EXERCISE GOAL:
Every line of the entries below from the one containing "Umjetnički prikaz dvaju" to the one containing "Black Cotton Underwear", both ends included, must be written out exactly. No other line belongs in the answer.
── EXTRACTED INFORMATION
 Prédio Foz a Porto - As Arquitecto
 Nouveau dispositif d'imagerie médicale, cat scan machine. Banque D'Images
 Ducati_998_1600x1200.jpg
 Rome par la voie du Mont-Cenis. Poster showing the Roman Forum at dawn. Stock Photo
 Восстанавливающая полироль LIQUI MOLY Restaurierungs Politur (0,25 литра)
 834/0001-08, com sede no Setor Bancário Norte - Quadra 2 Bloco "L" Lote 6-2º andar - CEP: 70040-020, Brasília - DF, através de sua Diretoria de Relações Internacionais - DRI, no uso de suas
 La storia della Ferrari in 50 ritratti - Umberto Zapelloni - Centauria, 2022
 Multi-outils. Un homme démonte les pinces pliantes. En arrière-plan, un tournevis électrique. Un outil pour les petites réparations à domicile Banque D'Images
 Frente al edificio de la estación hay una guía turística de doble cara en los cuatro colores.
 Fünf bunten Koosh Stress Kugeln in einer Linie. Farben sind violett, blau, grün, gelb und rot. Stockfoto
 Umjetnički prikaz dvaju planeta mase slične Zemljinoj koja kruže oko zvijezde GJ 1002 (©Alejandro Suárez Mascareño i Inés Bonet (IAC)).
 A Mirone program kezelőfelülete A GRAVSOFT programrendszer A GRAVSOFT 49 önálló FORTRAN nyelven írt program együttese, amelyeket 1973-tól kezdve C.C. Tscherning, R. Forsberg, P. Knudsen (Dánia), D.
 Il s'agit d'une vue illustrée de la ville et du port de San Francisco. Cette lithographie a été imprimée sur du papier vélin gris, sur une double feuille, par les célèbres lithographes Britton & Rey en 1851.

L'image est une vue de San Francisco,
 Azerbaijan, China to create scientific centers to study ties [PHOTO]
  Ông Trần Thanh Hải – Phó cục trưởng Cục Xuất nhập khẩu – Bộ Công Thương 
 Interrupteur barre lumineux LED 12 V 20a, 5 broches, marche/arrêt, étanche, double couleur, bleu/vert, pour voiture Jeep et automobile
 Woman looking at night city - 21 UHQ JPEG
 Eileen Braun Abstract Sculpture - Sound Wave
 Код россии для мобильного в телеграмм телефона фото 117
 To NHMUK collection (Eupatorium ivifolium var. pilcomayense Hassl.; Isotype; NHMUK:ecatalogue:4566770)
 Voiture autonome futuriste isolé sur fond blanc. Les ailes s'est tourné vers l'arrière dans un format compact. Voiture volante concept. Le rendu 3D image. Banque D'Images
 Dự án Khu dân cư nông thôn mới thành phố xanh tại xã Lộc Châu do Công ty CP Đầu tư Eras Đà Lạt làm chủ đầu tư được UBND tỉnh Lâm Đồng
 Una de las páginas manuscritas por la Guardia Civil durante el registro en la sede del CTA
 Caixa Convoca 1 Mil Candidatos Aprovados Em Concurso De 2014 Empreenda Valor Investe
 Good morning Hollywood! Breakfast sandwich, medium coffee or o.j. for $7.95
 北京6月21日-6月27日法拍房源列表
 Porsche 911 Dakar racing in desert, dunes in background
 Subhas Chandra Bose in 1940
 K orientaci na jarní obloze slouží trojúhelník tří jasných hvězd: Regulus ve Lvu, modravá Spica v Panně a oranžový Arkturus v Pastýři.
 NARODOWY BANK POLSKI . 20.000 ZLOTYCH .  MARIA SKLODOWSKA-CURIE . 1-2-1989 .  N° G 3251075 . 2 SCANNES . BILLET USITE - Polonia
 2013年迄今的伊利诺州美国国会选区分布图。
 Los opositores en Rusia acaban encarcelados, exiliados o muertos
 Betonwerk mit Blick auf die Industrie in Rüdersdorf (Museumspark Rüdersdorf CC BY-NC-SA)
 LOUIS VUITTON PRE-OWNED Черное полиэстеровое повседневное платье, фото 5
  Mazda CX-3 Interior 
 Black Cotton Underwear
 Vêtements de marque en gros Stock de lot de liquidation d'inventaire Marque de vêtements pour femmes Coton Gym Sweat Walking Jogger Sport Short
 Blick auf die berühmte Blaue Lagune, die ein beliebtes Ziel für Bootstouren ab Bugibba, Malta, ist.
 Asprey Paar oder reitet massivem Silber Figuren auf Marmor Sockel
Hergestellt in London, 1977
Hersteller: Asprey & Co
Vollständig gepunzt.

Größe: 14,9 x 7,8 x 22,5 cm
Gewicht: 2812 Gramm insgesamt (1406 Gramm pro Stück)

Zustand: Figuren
────
WRITTEN REPLY:
 Umjetnički prikaz dvaju planeta mase slične Zemljinoj koja kruže oko zvijezde GJ 1002 (©Alejandro Suárez Mascareño i Inés Bonet (IAC)).
 A Mirone program kezelőfelülete A GRAVSOFT programrendszer A GRAVSOFT 49 önálló FORTRAN nyelven írt program együttese, amelyeket 1973-tól kezdve C.C. Tscherning, R. Forsberg, P. Knudsen (Dánia), D.
 Il s'agit d'une vue illustrée de la ville et du port de San Francisco. Cette lithographie a été imprimée sur du papier vélin gris, sur une double feuille, par les célèbres lithographes Britton & Rey en 1851.

L'image est une vue de San Francisco,
 Azerbaijan, China to create scientific centers to study ties [PHOTO]
  Ông Trần Thanh Hải – Phó cục trưởng Cục Xuất nhập khẩu – Bộ Công Thương 
 Interrupteur barre lumineux LED 12 V 20a, 5 broches, marche/arrêt, étanche, double couleur, bleu/vert, pour voiture Jeep et automobile
 Woman looking at night city - 21 UHQ JPEG
 Eileen Braun Abstract Sculpture - Sound Wave
 Код россии для мобильного в телеграмм телефона фото 117
 To NHMUK collection (Eupatorium ivifolium var. pilcomayense Hassl.; Isotype; NHMUK:ecatalogue:4566770)
 Voiture autonome futuriste isolé sur fond blanc. Les ailes s'est tourné vers l'arrière dans un format compact. Voiture volante concept. Le rendu 3D image. Banque D'Images
 Dự án Khu dân cư nông thôn mới thành phố xanh tại xã Lộc Châu do Công ty CP Đầu tư Eras Đà Lạt làm chủ đầu tư được UBND tỉnh Lâm Đồng
 Una de las páginas manuscritas por la Guardia Civil durante el registro en la sede del CTA
 Caixa Convoca 1 Mil Candidatos Aprovados Em Concurso De 2014 Empreenda Valor Investe
 Good morning Hollywood! Breakfast sandwich, medium coffee or o.j. for $7.95
 北京6月21日-6月27日法拍房源列表
 Porsche 911 Dakar racing in desert, dunes in background
 Subhas Chandra Bose in 1940
 K orientaci na jarní obloze slouží trojúhelník tří jasných hvězd: Regulus ve Lvu, modravá Spica v Panně a oranžový Arkturus v Pastýři.
 NARODOWY BANK POLSKI . 20.000 ZLOTYCH .  MARIA SKLODOWSKA-CURIE . 1-2-1989 .  N° G 3251075 . 2 SCANNES . BILLET USITE - Polonia
 2013年迄今的伊利诺州美国国会选区分布图。
 Los opositores en Rusia acaban encarcelados, exiliados o muertos
 Betonwerk mit Blick auf die Industrie in Rüdersdorf (Museumspark Rüdersdorf CC BY-NC-SA)
 LOUIS VUITTON PRE-OWNED Черное полиэстеровое повседневное платье, фото 5
  Mazda CX-3 Interior 
 Black Cotton Underwear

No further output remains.